When I was in high school, I was obsessed with many things. One of these things was Ebola and other, similar viruses. This was, obviously, in my young and less anxious years (I barely remember them, to be honest). I read Richard Preston’s The Hot Zone, watched Outbreak and struggled to finish The Coming Plague (I’m pretty sure I didn’t finish it). But after one too many nightmares, I gave up on all my dreams about being some sort of infectious disease doctor (I shudder to think of it now) and moved on with my life. But Ebola still remains and dominates the news (both here and abroad). And while today’s links do contain some information on Ebola, there are other things as welll. Including the protests for democracy in Hong Kong.

And on that note, here are this week’s links.

  • When no gender fits: A quest to be seen as just a person: How do you navigate the world when it is built on identifying with one group or another and the place that feels right is neither? (Washington Post)
  • I Had a Stroke at 33: On New Year’s Eve 2007, a clot blocked one half of my brain from the other. My reality would never be the same again. (BuzzFeed)
  • Message for Beijing Hidden in a Hong Kong Street Poem: On a busy Hong Kong street on Wednesday, a poem dashed out on a bare wooden crate contained a hidden message for China. (Sinosphere // New York Times)
  • Hong Kong’s protests don’t impress mainland Chinese visitors: Chinese tourists pouring into Hong Kong this week for a shopping holiday are getting an unexpected lesson in democracy from the city’s tens of thousands of protesters demanding free elections. So far, most of them are unimpressed. (Quartz)
  • 16 Dramatic Videos Show What It’s Like to Be in Hong Kong Right Now: Thousands of protesters braved clouds of tear gas and police batons charges to stand firm in center of Hong Kong in one of the biggest political challenges for China since the Tiananmen Square protests 25 years ago. (Mic)
  • Pro-Democracy Protesters Occupy Hong Kong’s Central District: In Photos (The Atlantic) Note: This was also posted on FB. You can also follow live coverage of the protests on the South China Morning Post’s Occupy Central blog.
  • The Supreme Court That Made It Easier to Buy Elections Just Made It Harder for People to Vote in Them: In case there was any remaining confusion with regard to the precise political intentions of the US Supreme Court’s activist majority, things were clarified Monday. The same majority that has made it easier for corporations to buy elections (with the Citizens United v. FEC decision) and for billionaires to become the dominant players in elections across the country (with the McCutcheon v.

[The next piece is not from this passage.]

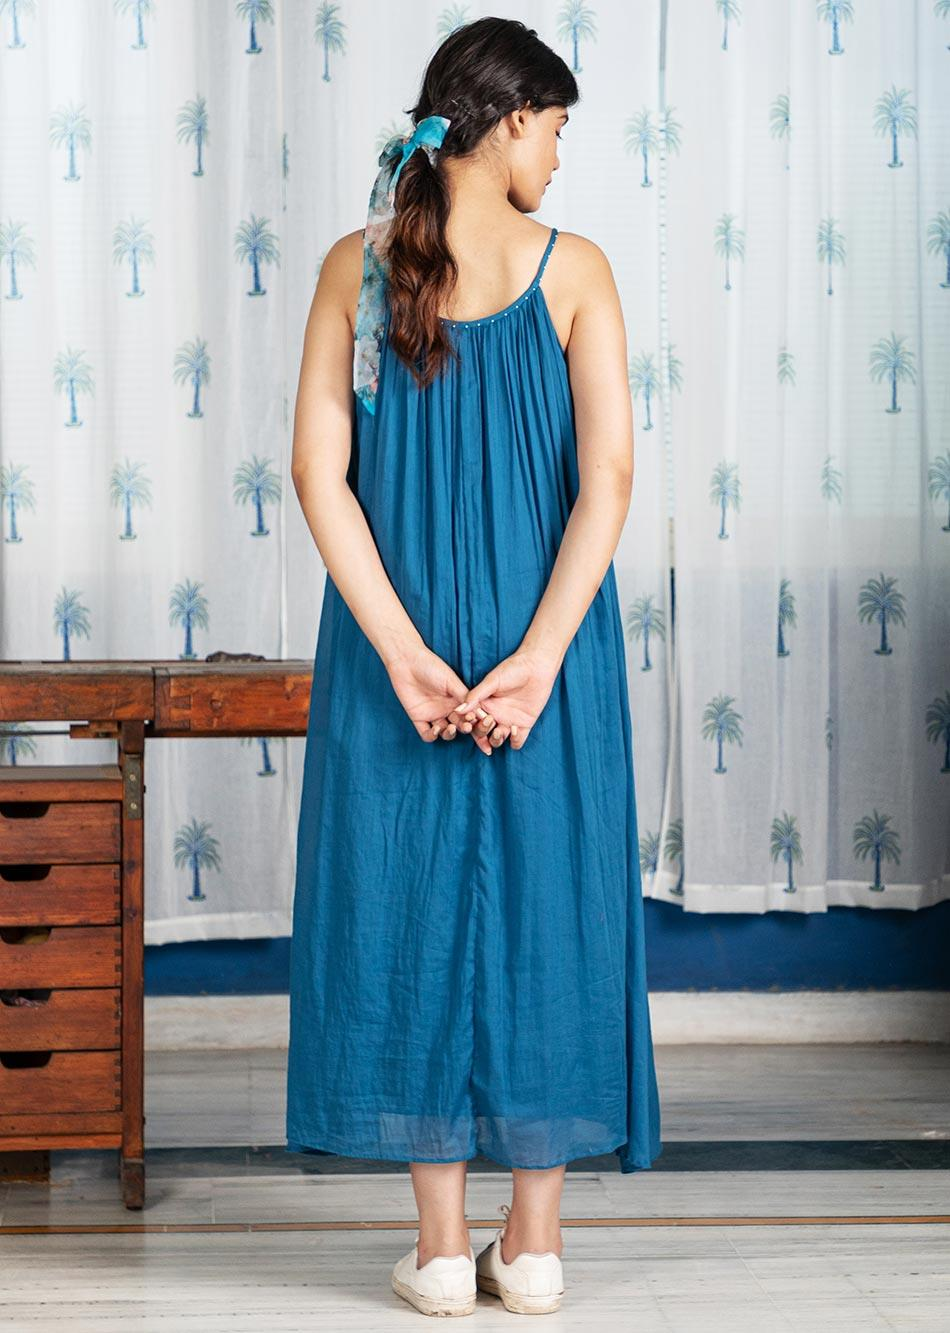 PINE MINE DRESS  By Jovi Fashion

FEC decision) decided to make it harder for people in Ohio to vote. (The Nation)
  • Don’t panic over Ebola in America: The first thing to do is to calm down.  Ebola is terrifying. But it’s not likely to kill you, or to spread widely in the United States. What’s scary — and hyped — about Ebola isn’t what makes it dangerous. (Vox) Note: Actor Idris Elba wrote an impassioned plea to help stop the spread of Ebola. Read it: Stopping Ebola in Its Tracks (Huffington Post)
  • Incredible Close-Up Drone Video of an Erupting Volcano in Iceland: This epic video isn’t a CGI outtake from Lord of the Rings. It’s proof that a guy with a quadcopter managed to get very, very close to an erupting Icelandic volcano—close enough to melt the face of the GoPro camera that shot the video. (Wired)
  • The Hidden Costs of E-books at University Libraries: For the past few years, both the California State University and the University of California libraries have been experimenting with packages that replace paper books with e-books. The advantages are obvious. With e-books, you no longer have to schlep to a library to take out a book. You just log on from whatever device connects you to the web, at whatever time and in whatever state of dress, and voila! the book appears on your screen (Times of San Diego)

Bonus:

  • How to Plant a Library: Somewhere outside of Oslo, there are 1,000 newly planted spruce trees. One hundred years from now, if everything goes to plan, they’ll be published together as 100 pieces of art. (Pacific Standard)

The Thursday Ten

I’ve decided to try something different. Instead of listing all the links I’ve read and thought were interesting, I’m going to limit it to just ten, with maybe a bonus link or two. This first week of September will be my first week attempting this. Feedback is always welcome.

Onto the links:

  • Pop culture’s newest apocalypse: Visions of a smartphone dystopia Two acclaimed new books show how our smartphone addiction is changing the way we think about the end of the world  (Salon) Note: I have read neither book, but the premises of both are similar to many a YA dystopia — though that’s not a bad thing. I do wish the author was familiar with other dystopian novels, though.
  • Hong Kong’s Democracy Dilemma: On Sunday the Standing Committee of China’s National People’s Congress issued restrictive guidelines for the election of Hong Kong’s next chief executive in 2017. Shorn of its technical details, the proposal in effect gives Beijing the means to control who could run for the top office in Hong Kong: Voters would get to cast a ballot, but only for one of just a handful of candidates pre-selected by the Chinese government. (New York Times)
  • What’s missing in the Ebola fight in West Africa: If the Ebola epidemic devastating the countries of Guinea, Liberia and Sierra Leone had instead struck Washington, New York or Boston, there is no doubt that the health systems in place could contain and then eliminate the disease. (Washington Post)
  • Shenzhen trip report – visiting the world’s manufacturing ecosystem: Last year, a group of Media Lab students visited Shenzhen with, bunnie, an old friend and my hardware guru. He’s probably best known for hacking the Xbox, the chumby, an open source networked hardware appliance, and for helping so many people with their hardware, firmware and software designs. bunnie is “our man in Shenzhen” and understands the ecosystem of suppliers and factories in China better than anyone I know. (Joi Ito)
  • Death to the Gamer: Tainted by its misogyny and embrace of consumption as a way of life, gamer culture isn’t worth saving. (Jacobin)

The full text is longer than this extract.